L’archevêque de Paris et le curé de Saint-Sulpice lui refusèrent la sépulture. Le roi dit ou passa pour avoir dit : « Laissez faire les prêtres » ; ni le ministère ni le Parlement ne voulurent intervenir. Voltaire avait désigné pour sa sépulture l’étoile de la charmille de Ferney. Mais Ferney était loin : l’évêque d’Annecy était à craindre. Il fallait agir vite, prévenir la vengeance ecclésiastique. L’abbé Mignot mit le corps dans un carrosse, enveloppé de sa robe de chambre et coiffé d’un bonnet de nuit. Il l’emporta à l’abbaye de Scellières en Champagne dont il était abbé commendataire. Là, Voltaire fut mis en bière et enseveli (1er-2 juin). Le prieur qui l’avait permis fut destitué par l’évêque de Troyes.

Voltaire n’attendit pas longtemps sa revanche. La Révolution le ramena à Paris en juillet 1791. Un cortège triomphal, — municipalité, députés, magistrats, Académiciens, jeunes filles vêtues de blanc, canonniers et chœurs de l’opéra, — le conduisit au Panthéon au milieu de l’enthousiasme universel. Déjà pourtant l’évolution politique de la France laissait Voltaire en arrière : mais le peuple se souvenait du défenseur de l’humanité. C’était Calas qui conduisait Voltaire au Panthéon dans une apothéose.

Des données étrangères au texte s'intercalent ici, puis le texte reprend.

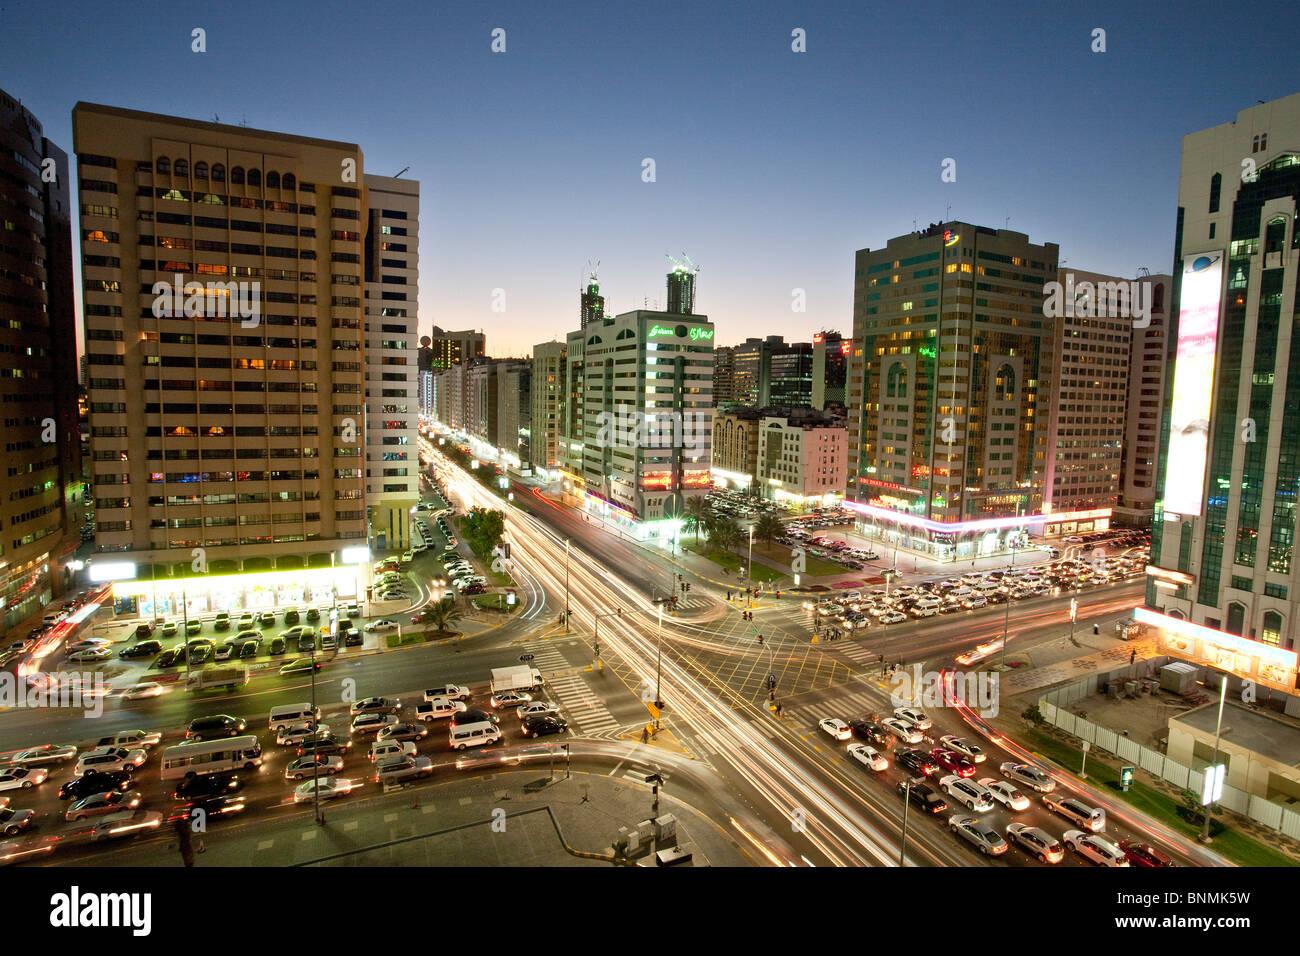 Abu Dhabi ÉMIRATS ARABES UNIS Emirats Arabes Unis Moyen-orient voyager place d'intérêt monument Photo Stock

  1. Desnoiresterres, t. VIII. — Eug. Asse, Lettres de Mmes de Graffigny…), Suard, etc., 1883. — Voltaire, Recueil des particularités curieuses de sa vie et de sa mort (par Harel), 1782. — (Longchamp et) Wagnière, Mémoires sur Voltaire et ses ouvrages. — Ath. Coquerel, Jean Calas et sa famille, 1858 (2e éd., 1869). — C. Rabaud, Sirven, étude historique sur l’avènement de la tolérance.
  2. Lettre de Mme de Gallatin (Zeitschrift f. fr. Sp. u. L., VII, 207). Cf. la lettre de M. Hennin (Desnoiresterres, VIII, 76).